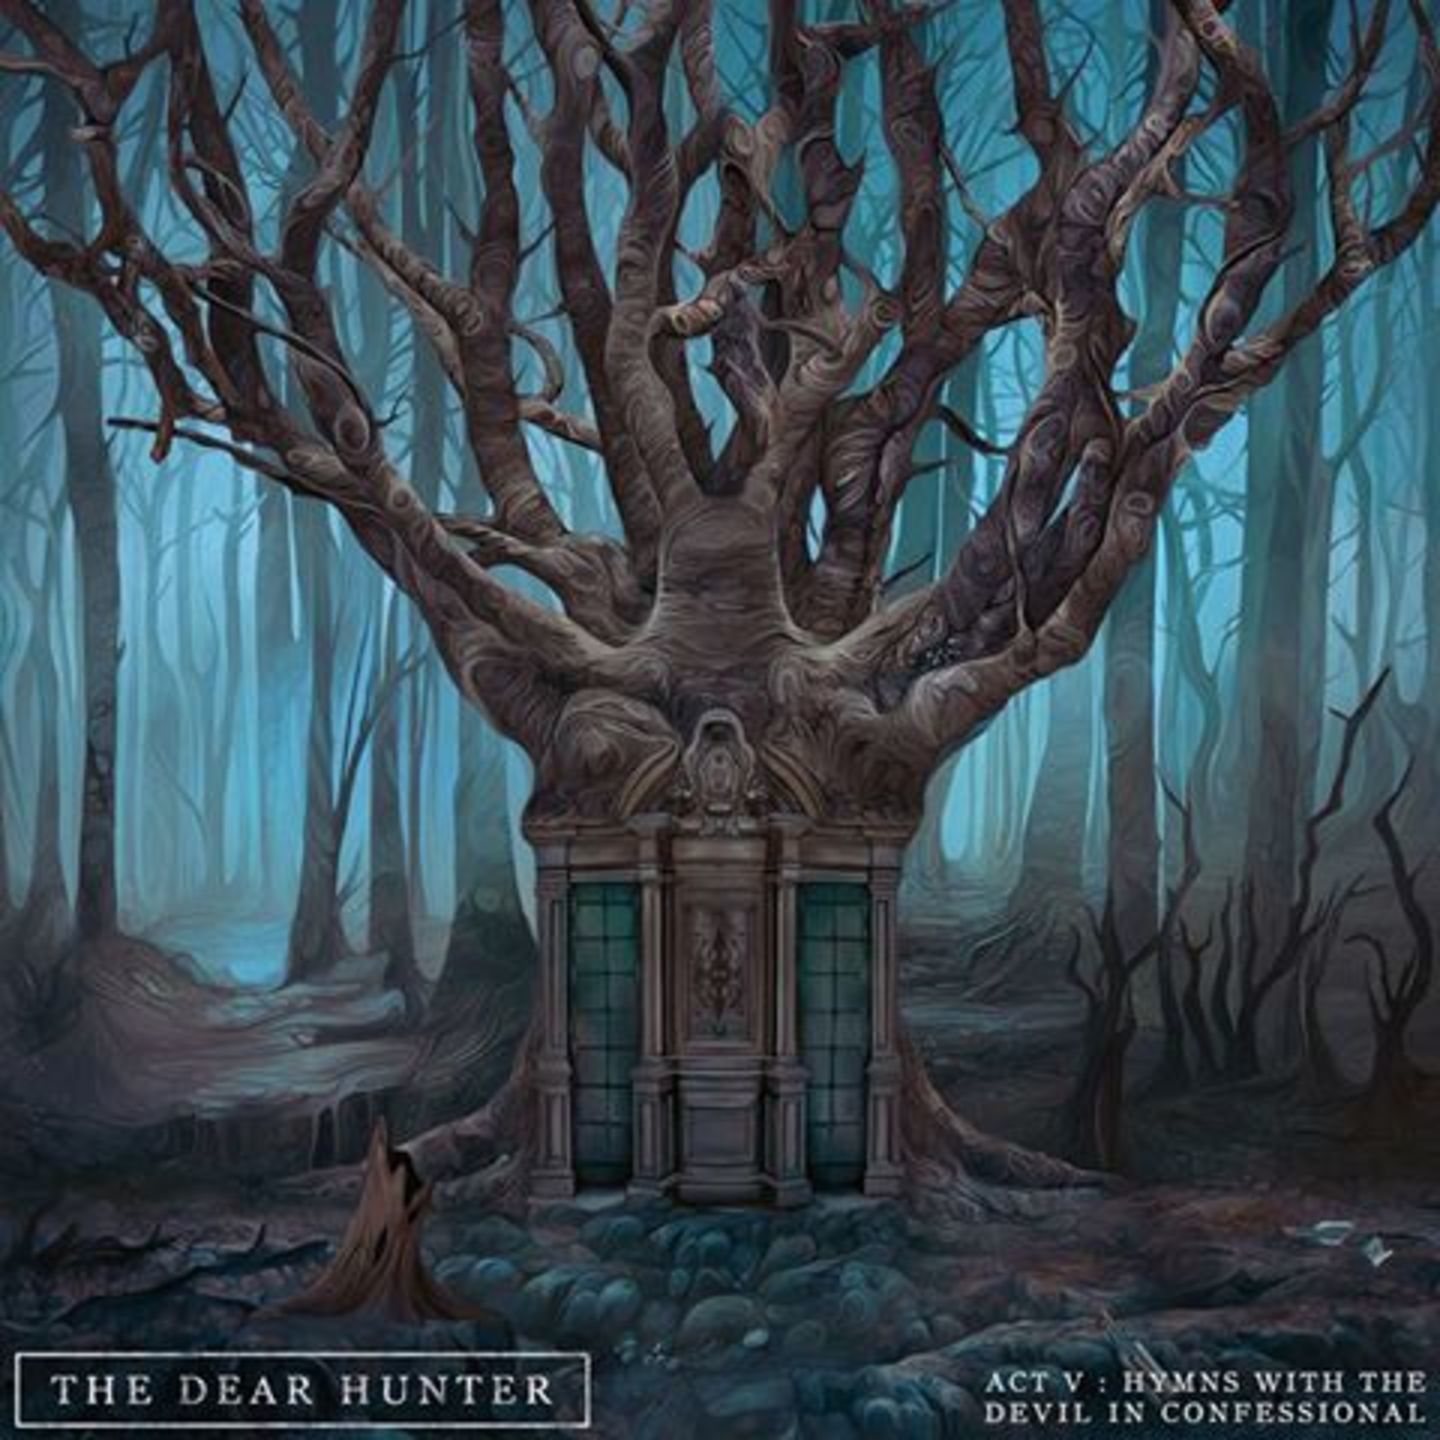 DEAR HUNTER, THE - Act V Hymns With The Devil In Confessional 2xLP
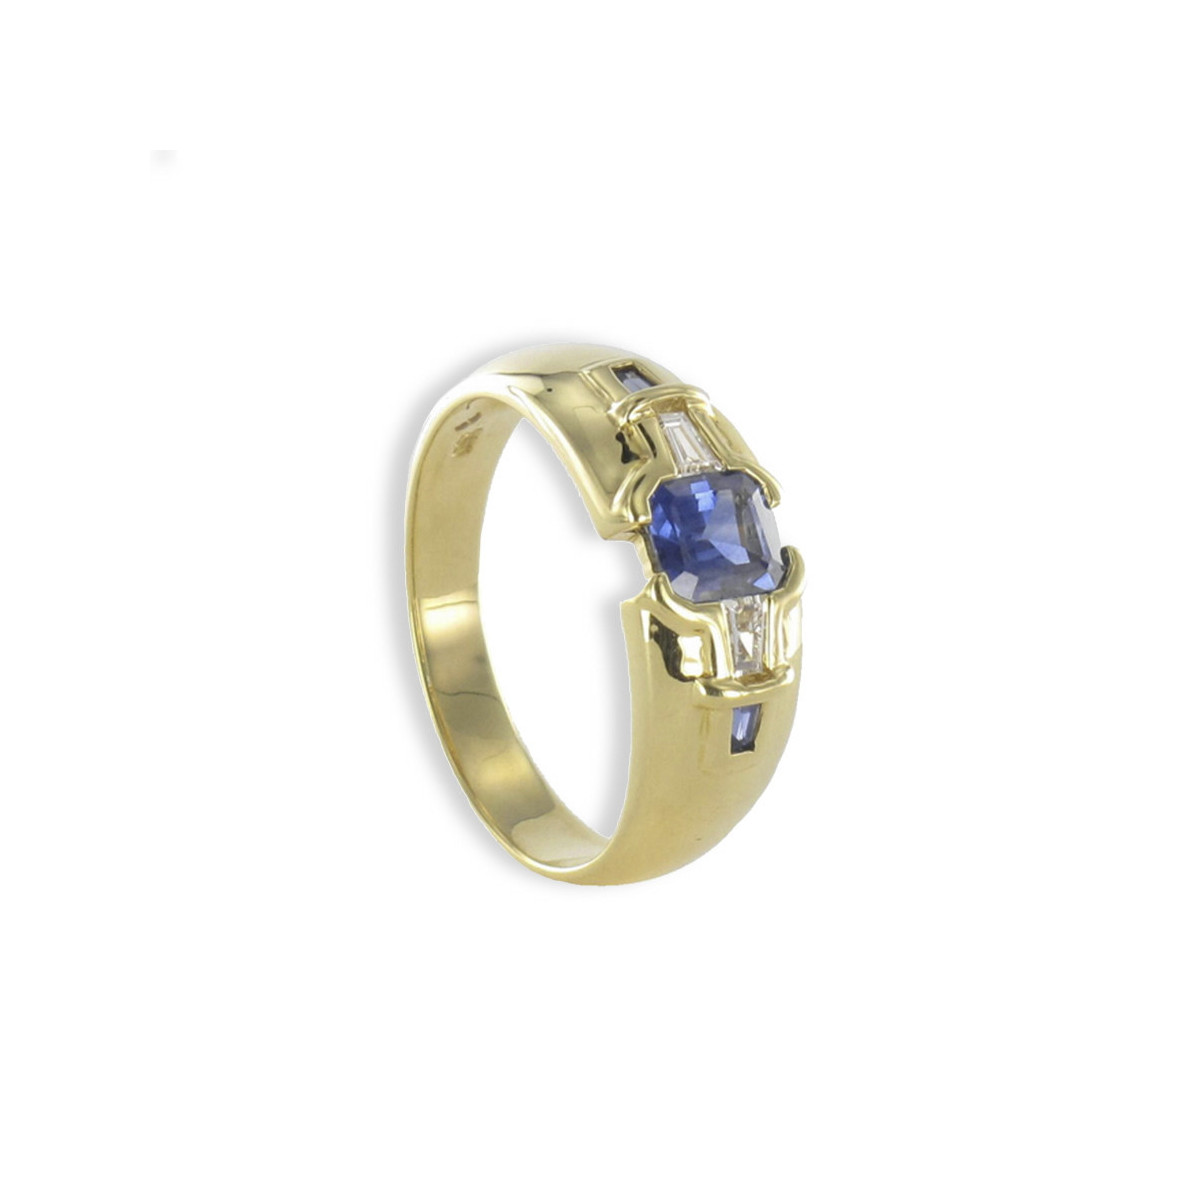 GOLD RING WITH PRECIOUS STONES
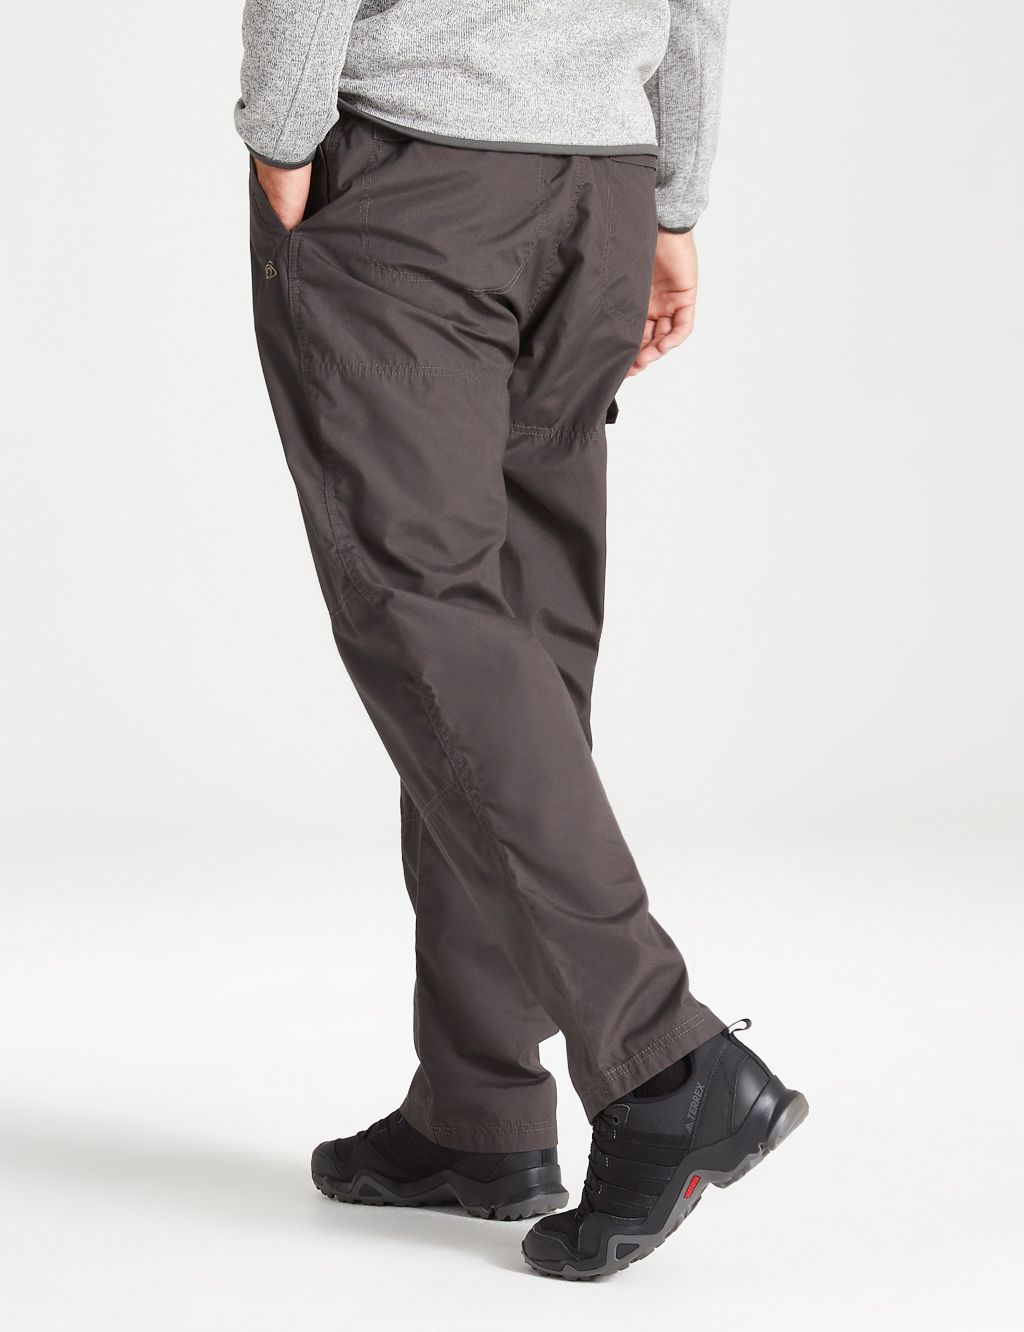 Kiwi Loose Fit Cargo Trousers image 4
===============
Retype all the data exactly; skip the pictures.

Result:
 DEAR HUNTER, THE - Act V Hymns With The Devil In Confessional 2xLP
 GOLD RING WITH PRECIOUS STONES
 Kiwi Loose Fit Cargo Trousers image 4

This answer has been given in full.